03.16.17

Dutch Translation for Tourists

If you’re ever on holiday in the Netherlands, you’re in luck. English is spoken almost everywhere, and as a general rule it’s spoken very well. Even so, as a polite guest, you might want to know a little about the Dutch language and Dutch translation.

Before we delve into all of that, we should get the name of this very flat country straight. The Netherlands is also known as Holland, and the dominant language in this land of windmills and reclaimed earth is Dutch. Some people get confused by all of the different names. And just to be clear, there is no place call “Dutch Land,” although Germans (a country neighboring Holland) refer to their own country “Deutschland.”

Dutch is a Germanic language spoken in the Netherlands, in the Caribbean islands of Aruba, Curaçao, and Sint Maarten, as well as in many parts of Belgium, and some places in Suriname and Indonesia. Dutch, German and English are all “cousin” languages. If you listen to a native Dutch speaker conversing, you might recognize certain linguistic patterns and cadences, even if you don’t understand the actual words.

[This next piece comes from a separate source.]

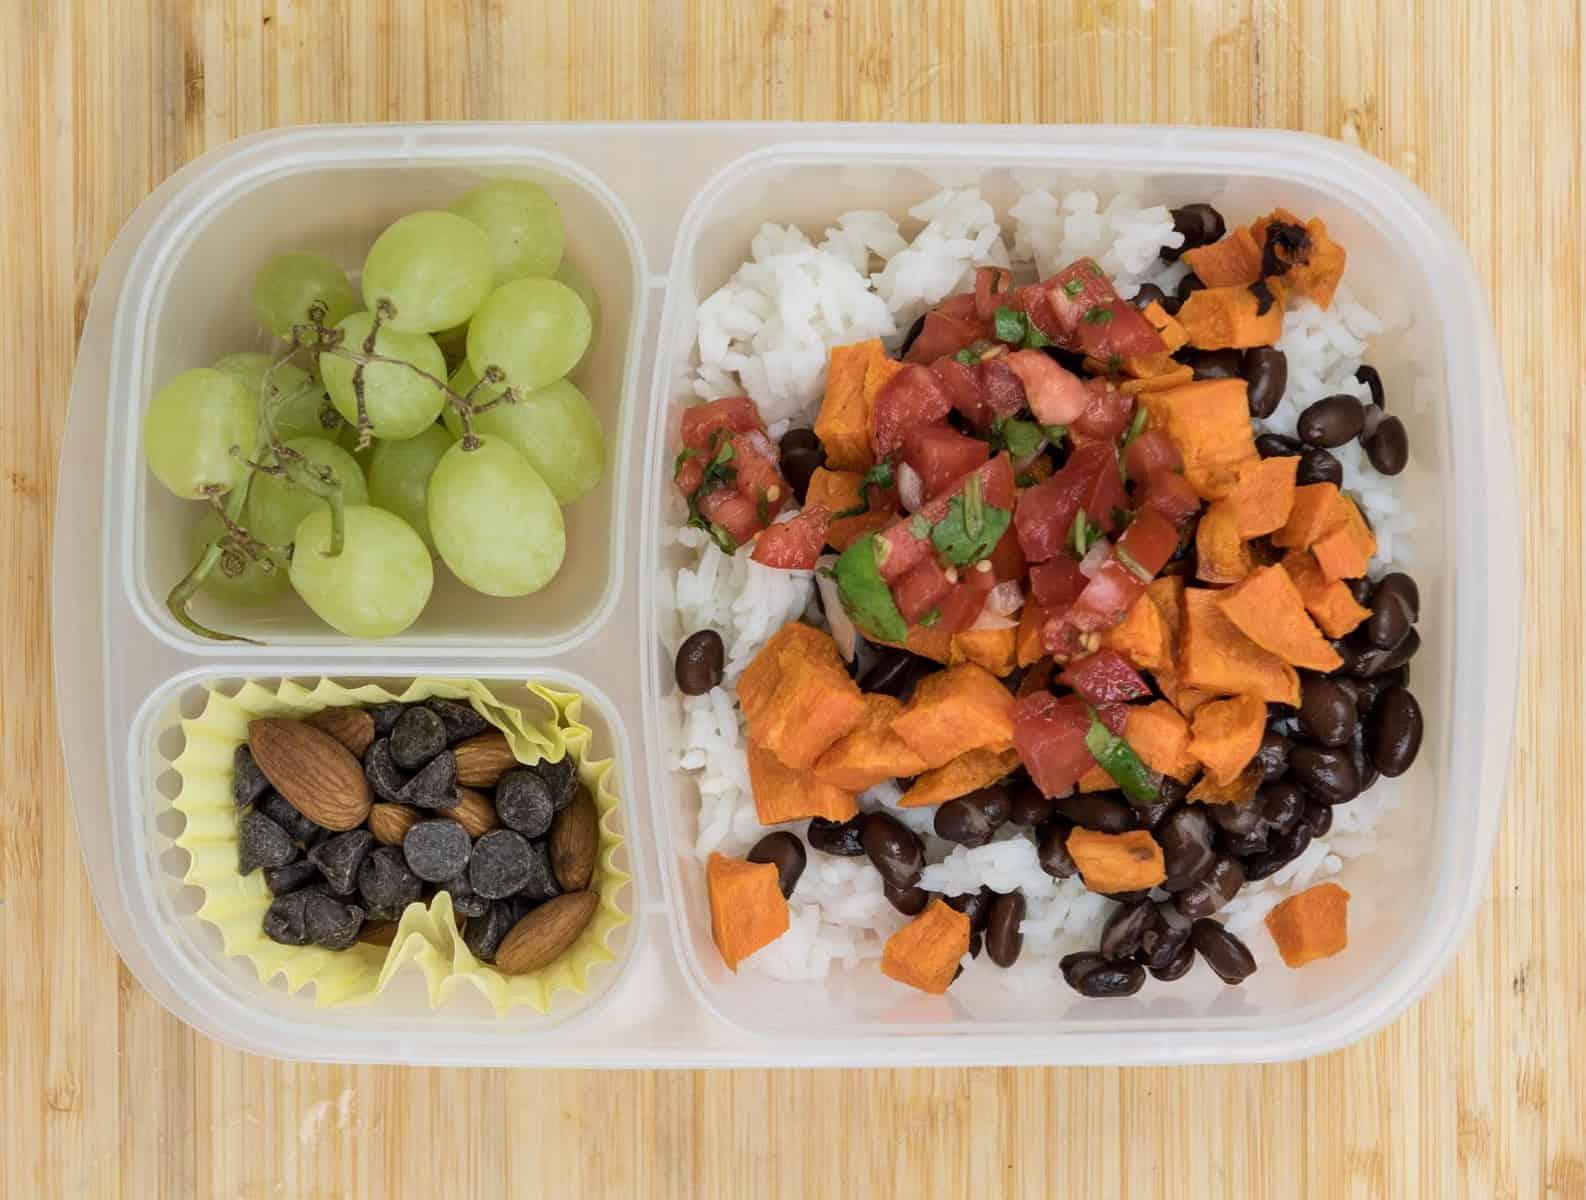 Lunch Box Ideas - Burrito Bowl Lunch Box

If you’re a tourists struggling with Dutch translation, you can always fall back on your English. The Dutch (also the name of the people) have made their way in this world largely through commerce, which means they have to be proficient in many tongues. Dutch, unfortunately for people living in Holland, isn’t a global trading language.

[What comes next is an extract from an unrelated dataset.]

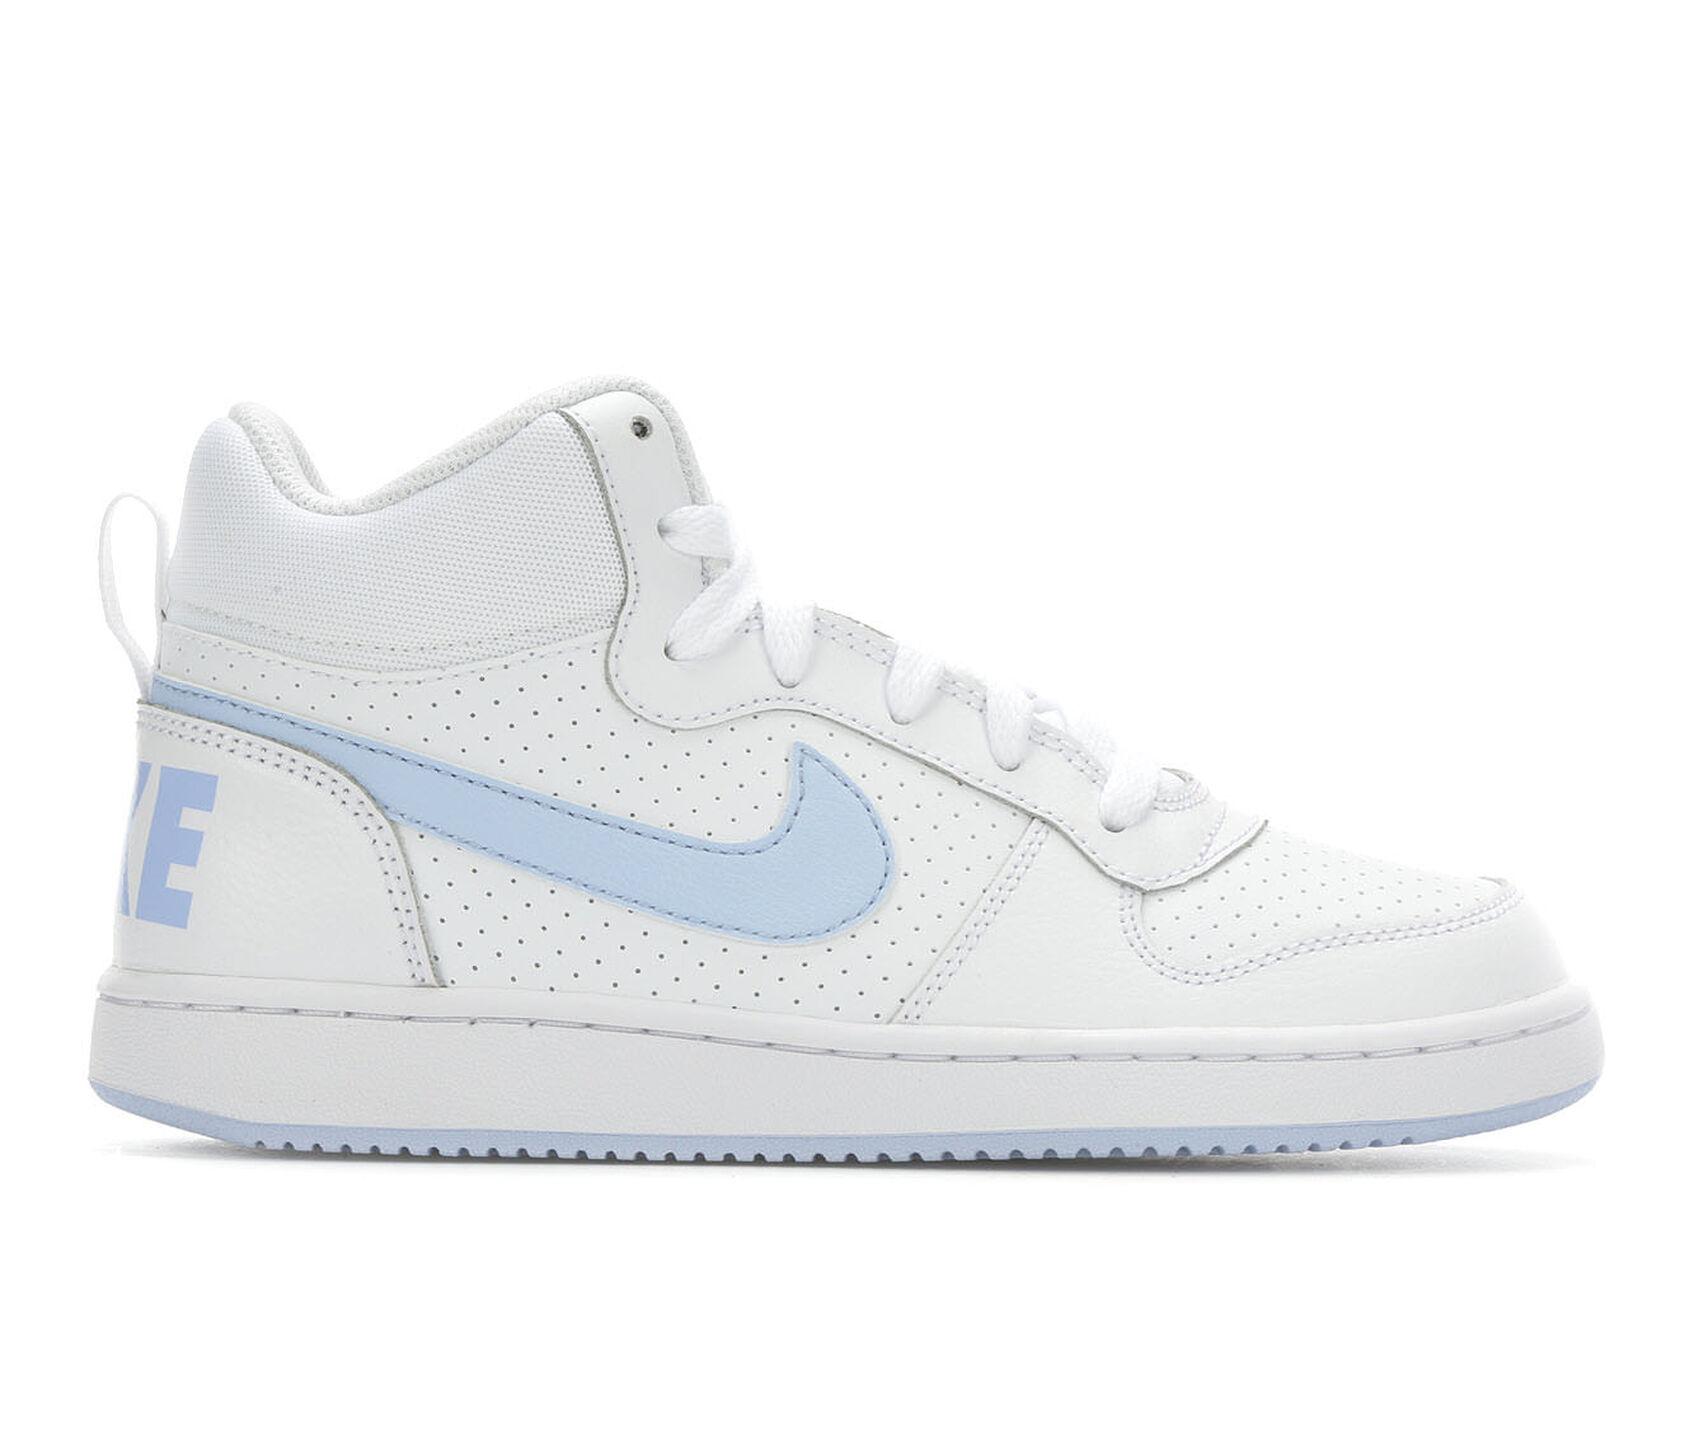 pretty nice 6b7c7 e1016 ... Nike Big Kid Court Borough Mid Basketball Shoes. Previous

Here are a few words and phrases to get your started with some basic Dutch:

Ja – Yes

Nee – No

Hoi – Hi

Dag – Goodbye

Tot ziens – See you later

Goedemorgen – Good morning

Goedemiddag – Good afternoon

Spreek je Engels? – Do you speak English?

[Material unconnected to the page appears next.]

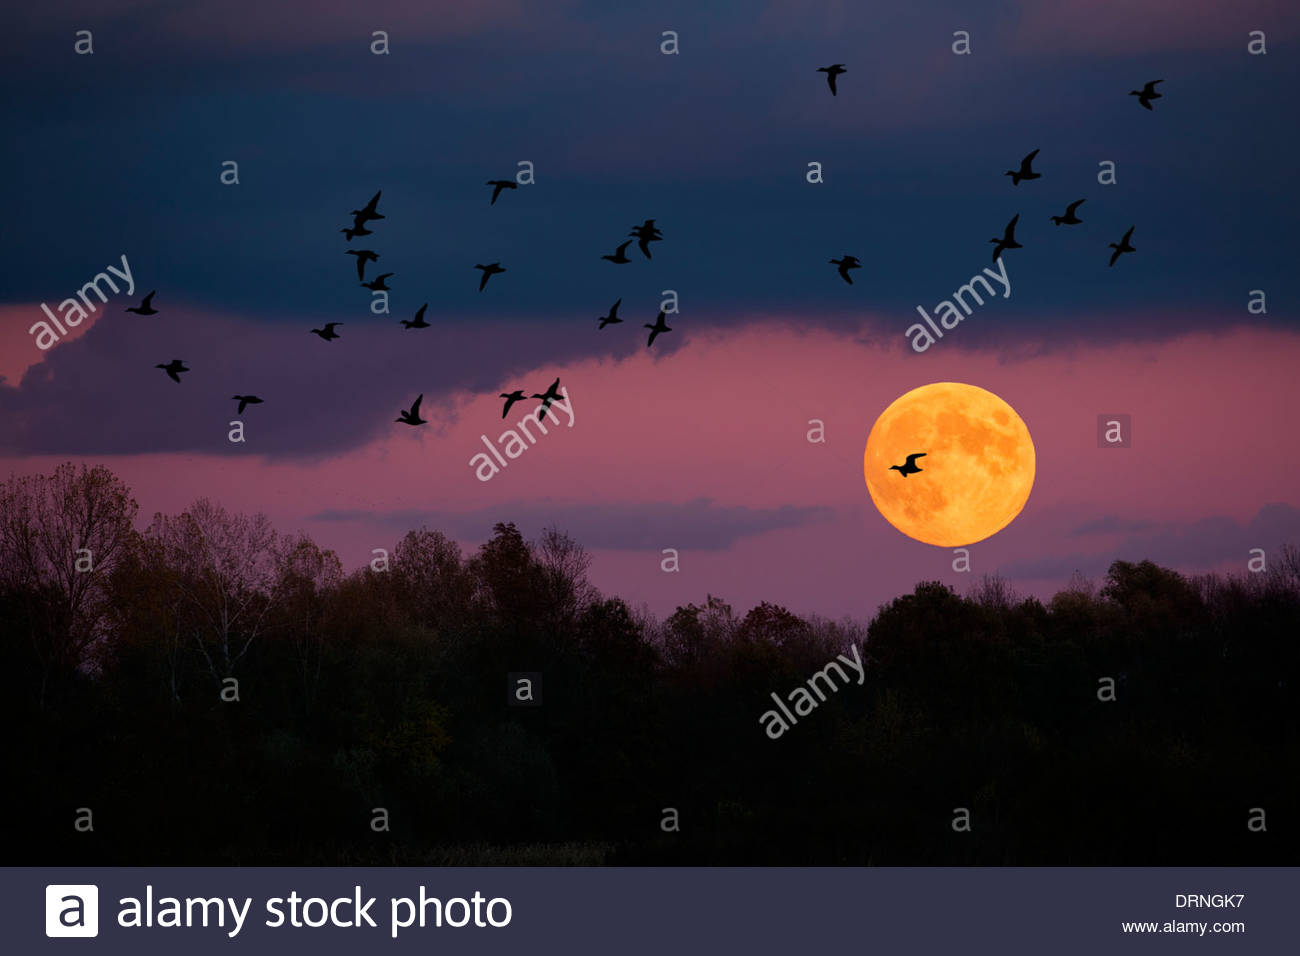 Flock of ducks fly over fool moon. - Stock Image

Ik spreek geen Nederlands – I don’t speak Dutch

Ik versta het niet – I don’t understand

Een prettige dag – Have a nice day

Geen problem – No problem

Alsjeblieft – Please

Dank je – Thank you

Dank u wel – Thank you very much

Now that you know a few simple Dutch words, you might want to think about trekking through the Netherlands and practice what you’ve learned.